A time to shout and a time to whisper
Karl Barth famously proclaimed that ministers should preach with the newspaper in one hand and the Bible in the other. Cathleen Kaveny’s book speaks to an issue snatched from today’s headlines: the easy resort to uncompromising political denunciation by office seekers and social media. As for the Bible, the long arc of her argument suggests an alternative subtitle: From Jeremiah to Jonah.
Kaveny is not a preacher; she teaches law and theology at Boston College. As befits its title, her text is a judicious assessment of the philosophy, history, and practice of what Matthew Arnold called the rhetoric of “fire and strength.” A term of art for such speech is jeremiad, named in honor of the gloomy prophet. Kaveny believes the jeremiad can be a proper tool in public debate, but, using her governing metaphor, it is chemotherapy for the body politic. Prophecy can cure, but, wrongly used, it can destroy the very body it aims to save. Her title captures her message: “prophecy without contempt.”

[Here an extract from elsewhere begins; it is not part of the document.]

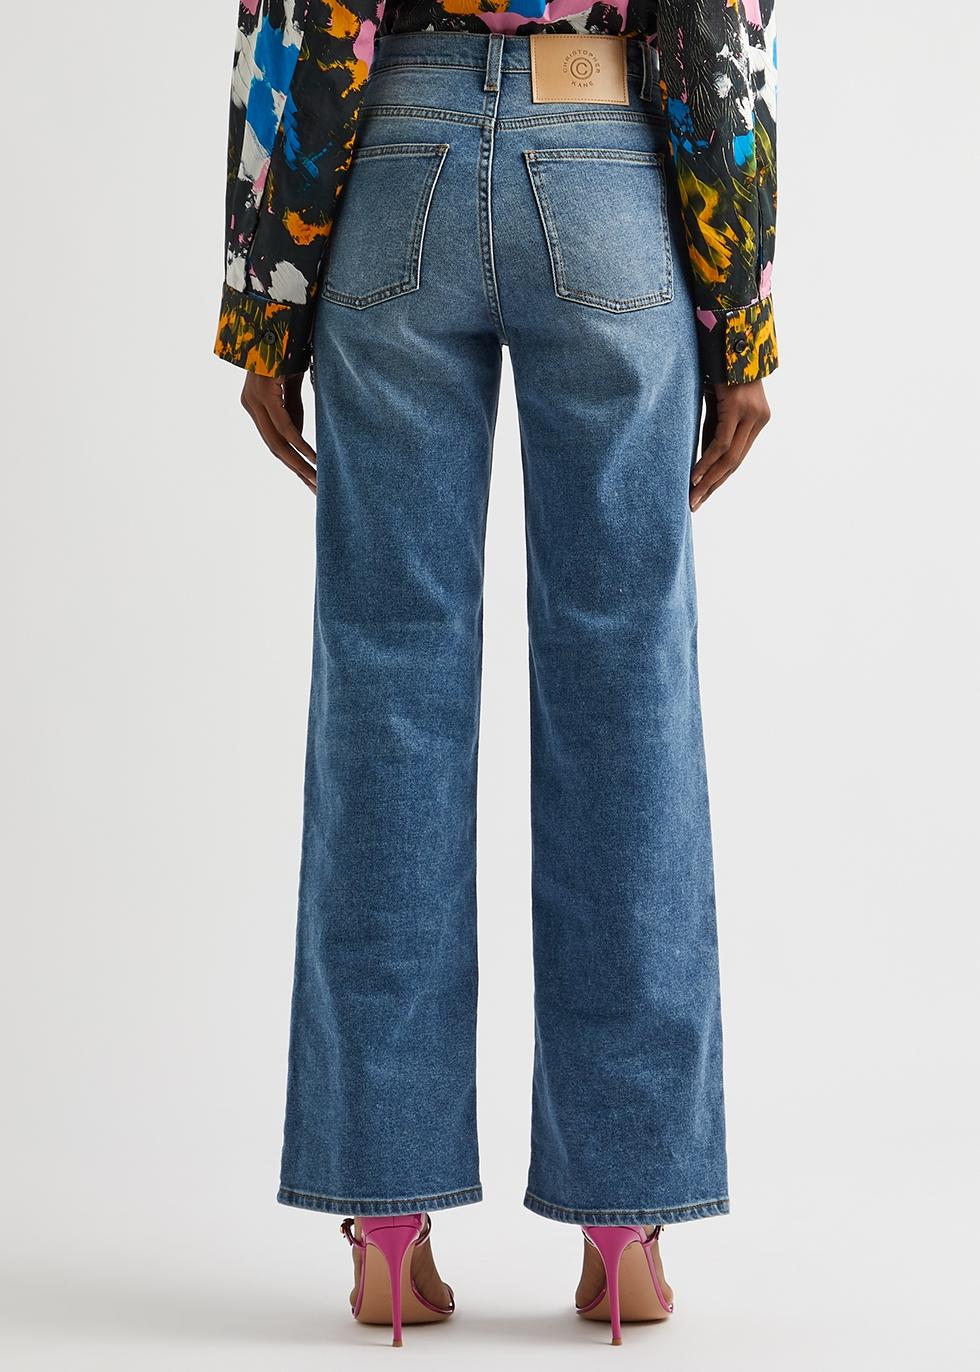 Christopher Kane Chain-embellished Straight-leg Jeans in Blue | Lyst

In this lengthy book, four different perspectives on political discourse are given extensive analysis: the philosophical approach, an historical account of the use of the jeremiad in Puritan New England, an analysis of the political polemic in the 2004 presidential contest, and the author’s recommendations for when prophecy is legitimate in the public square. A coda covering Lincoln’s second inaugural address and the book of Jonah offers an ultimate caution for anyone who would take up the prophetic mantle.